====== INFORMATION PROVIDED
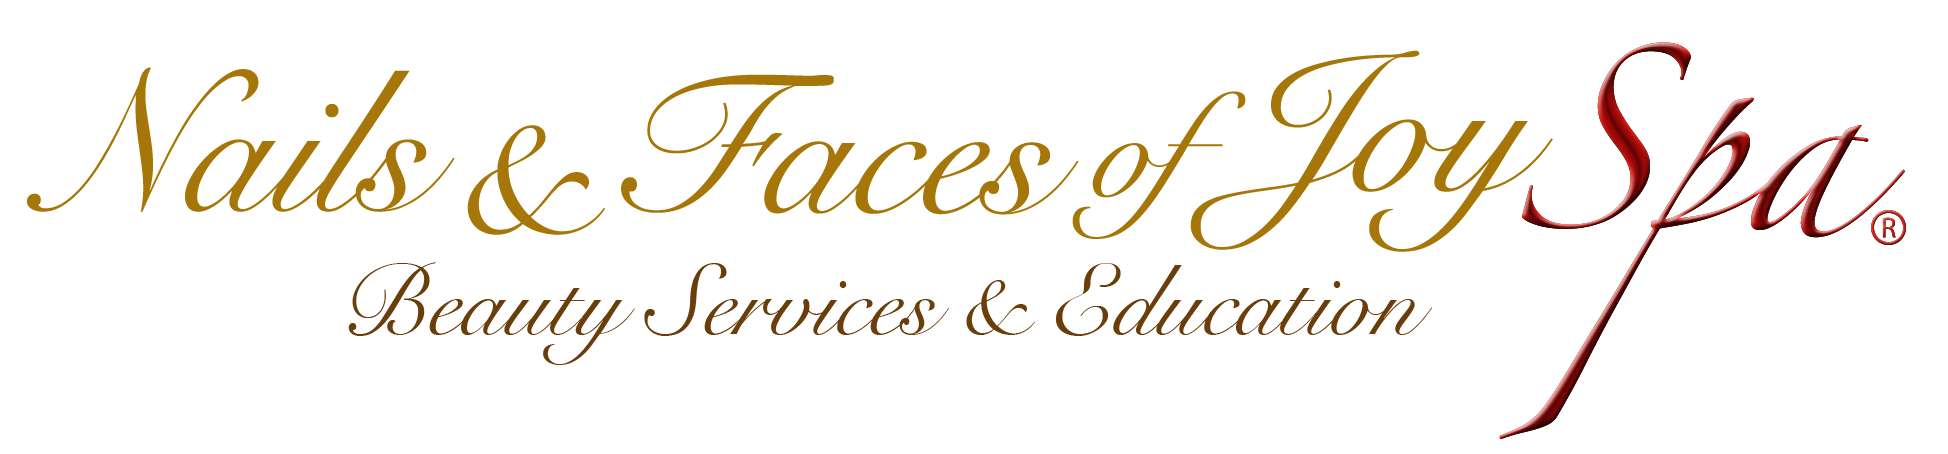 Nails &amp; Faces of Joy Spa Exclusively Mobile 
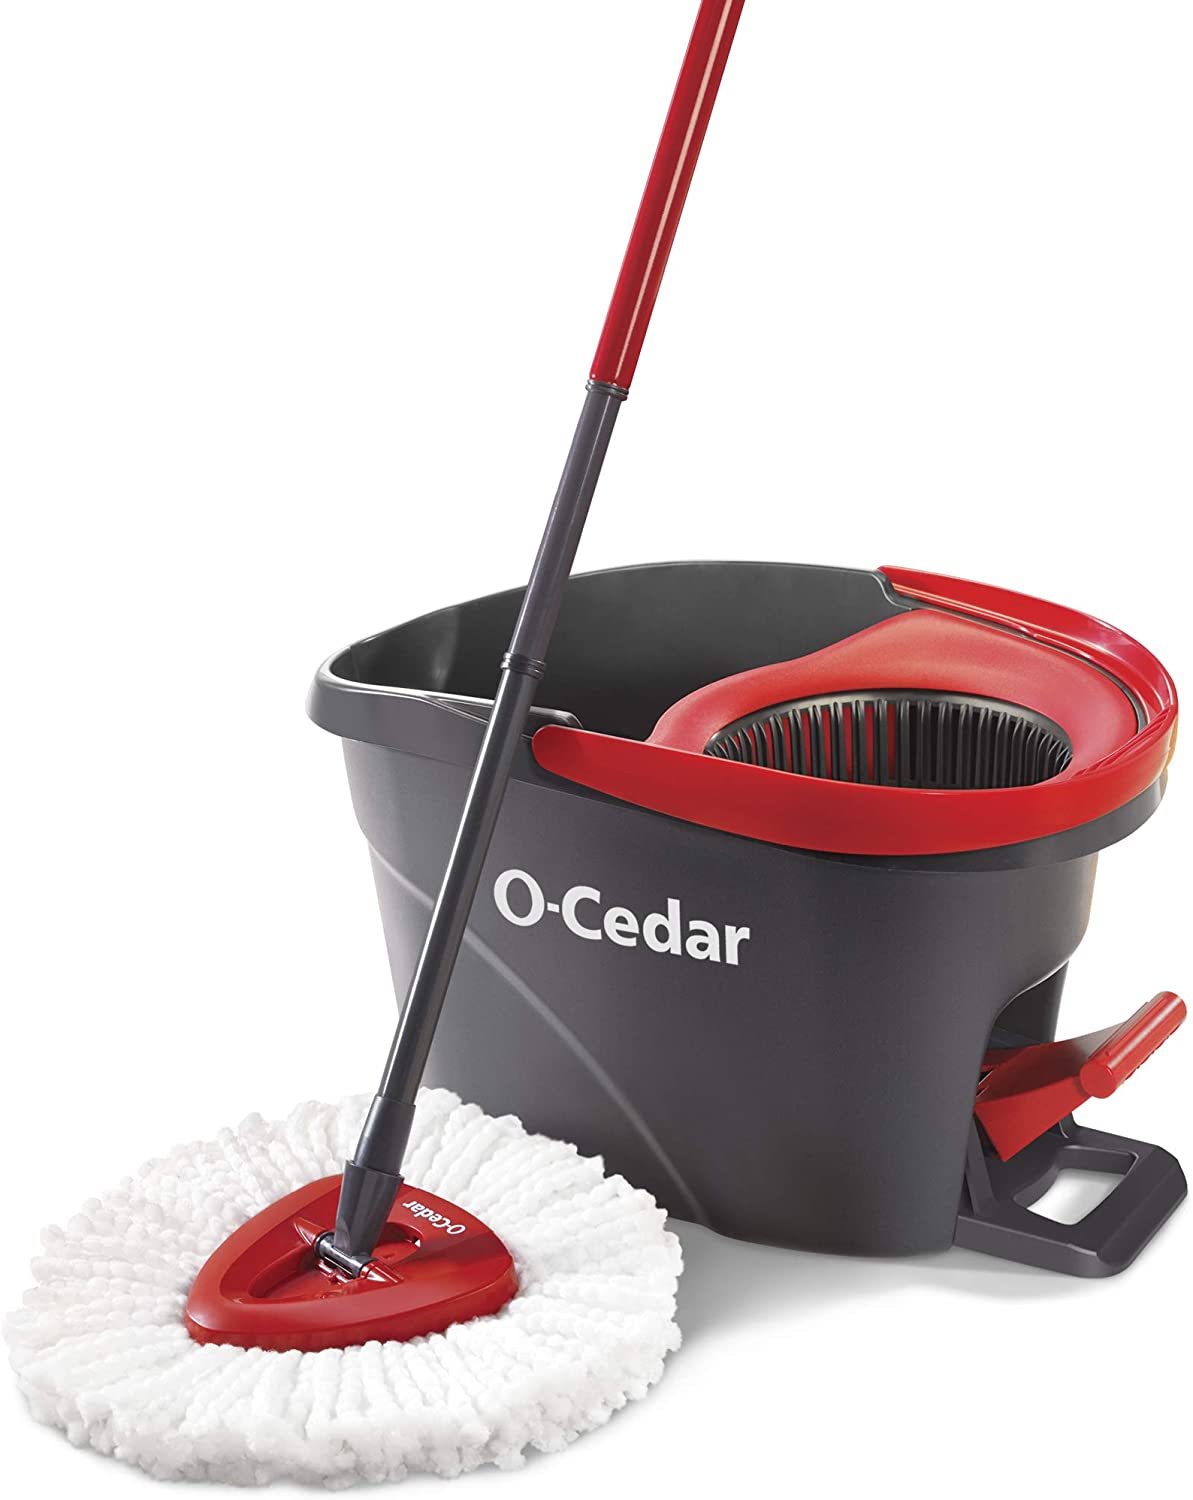 O-Cedar EasyWring Microfiber Spin Mop, Bucket Floor Cleaning System, Red, Gray 45
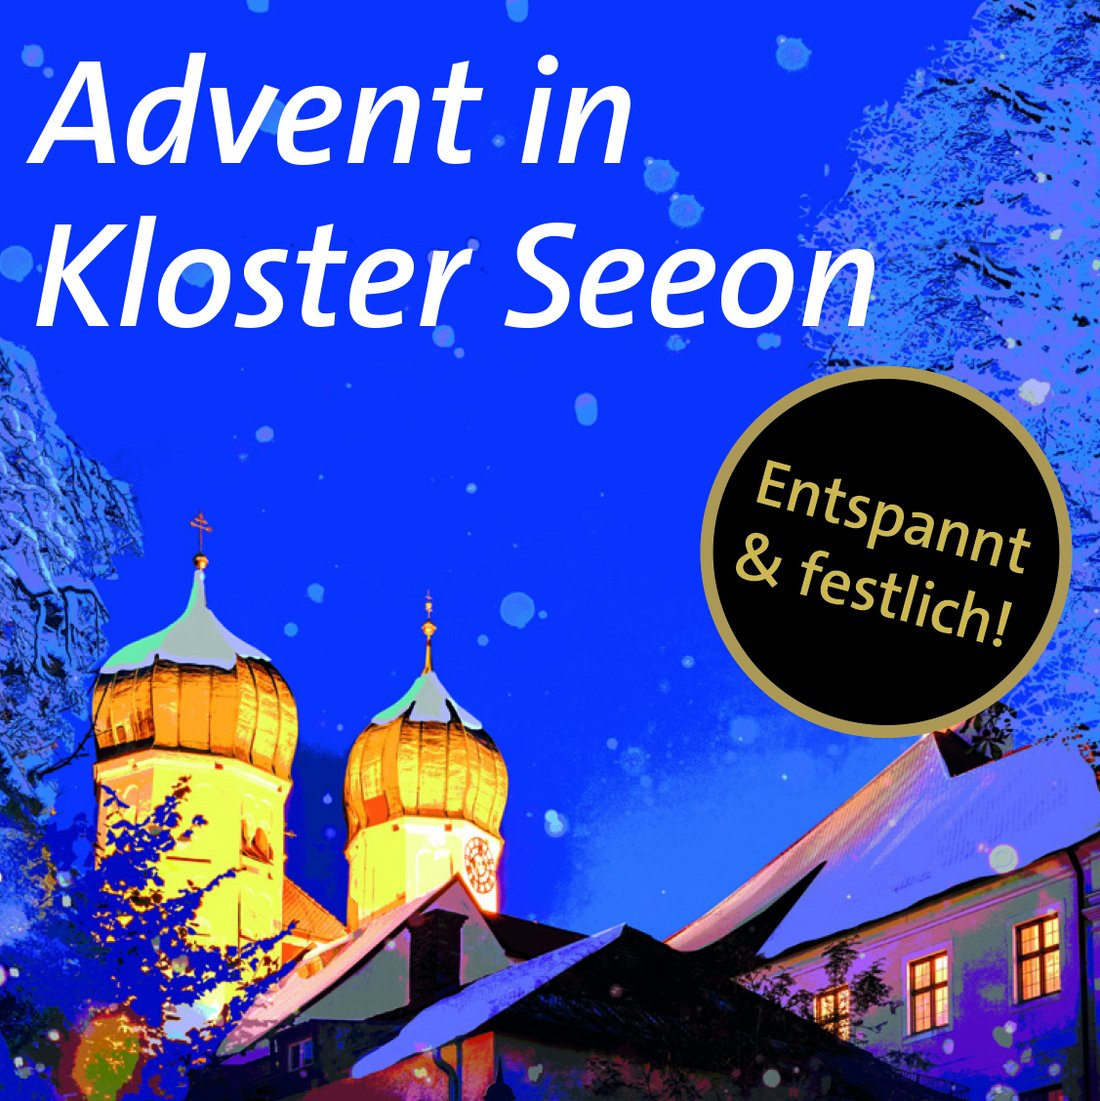 seeon_advent_dinlang_221111_1500-003-1-002_1
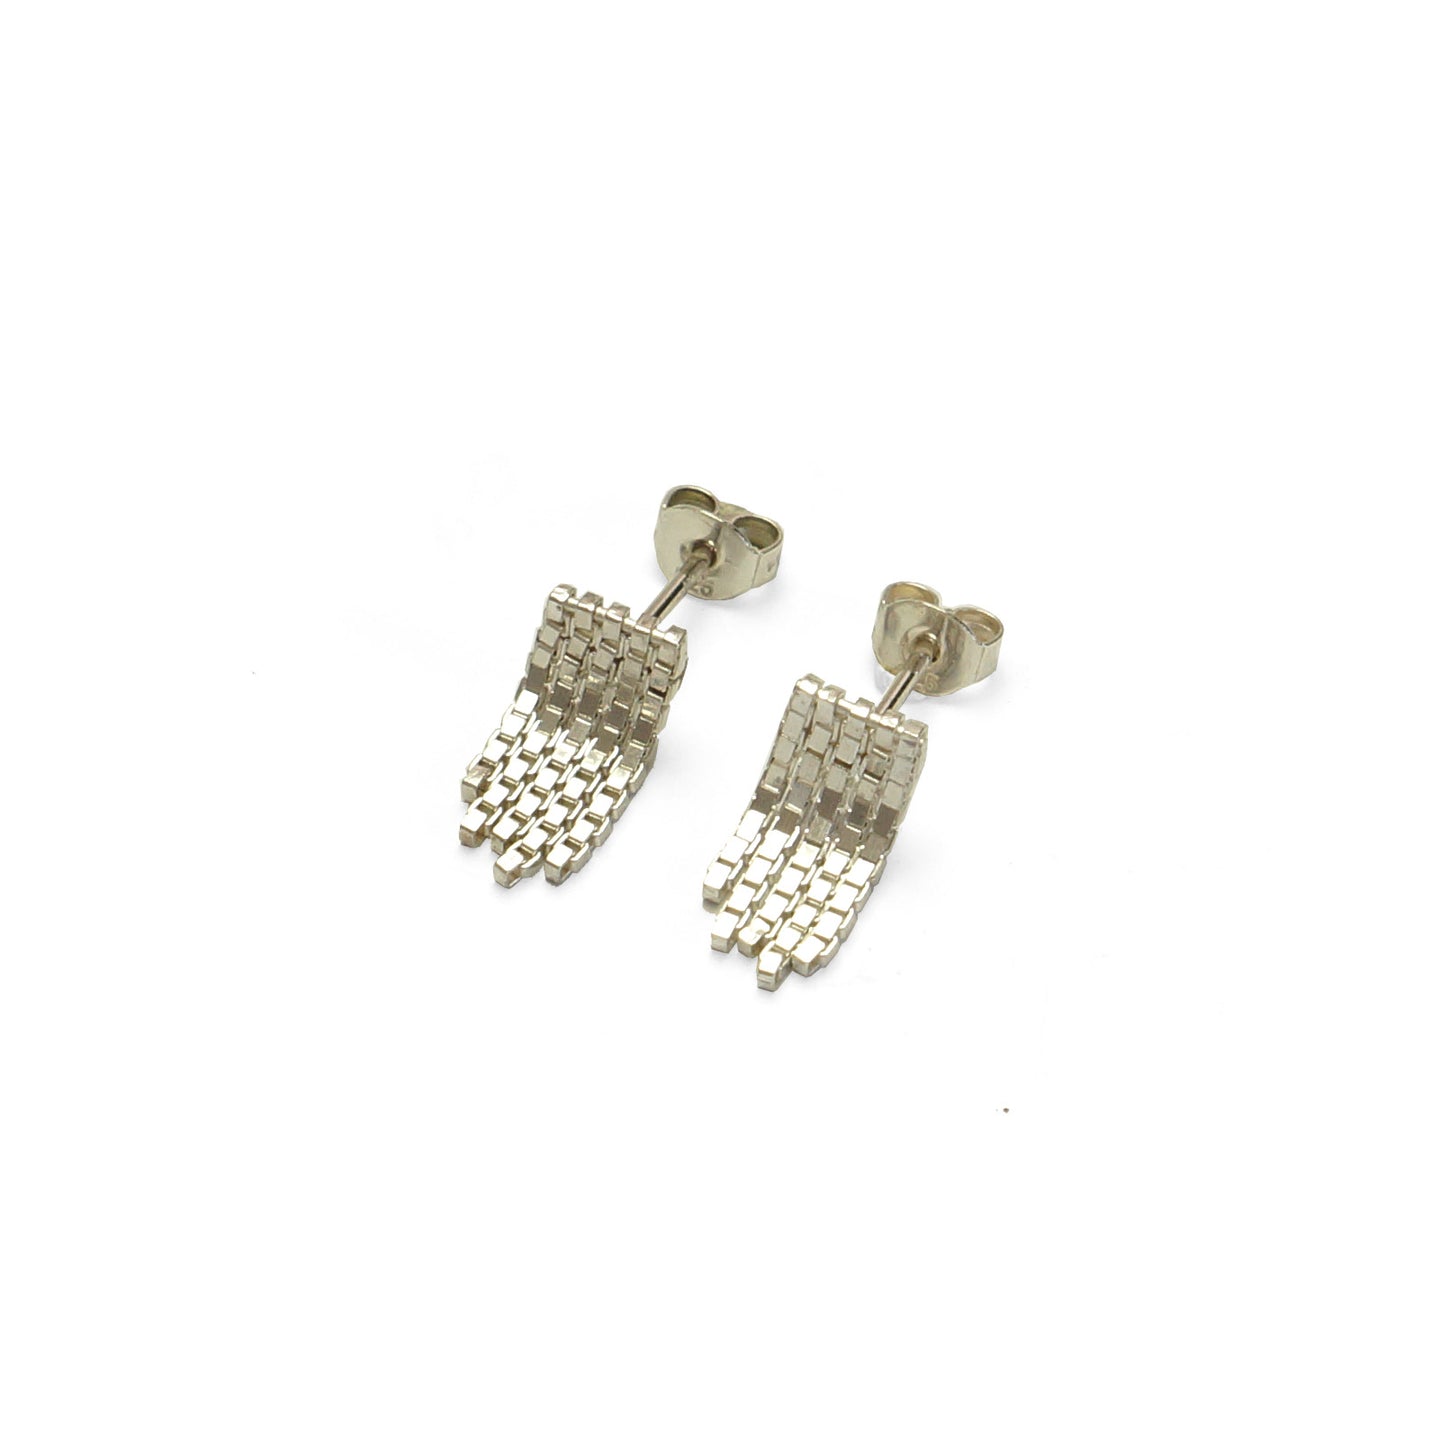 Martine Viergever - Earring - Disco small - silver
============
* **ACTIVITY**: When you write out the material again, keep every word exact and omit the pictures.

* **RESPONSE TO THIS EXERCISE**:
 Nails &amp; Faces of Joy Spa Exclusively Mobile 
 O-Cedar EasyWring Microfiber Spin Mop, Bucket Floor Cleaning System, Red, Gray 45
 seeon_advent_dinlang_221111_1500-003-1-002_1
 Martine Viergever - Earring - Disco small - silver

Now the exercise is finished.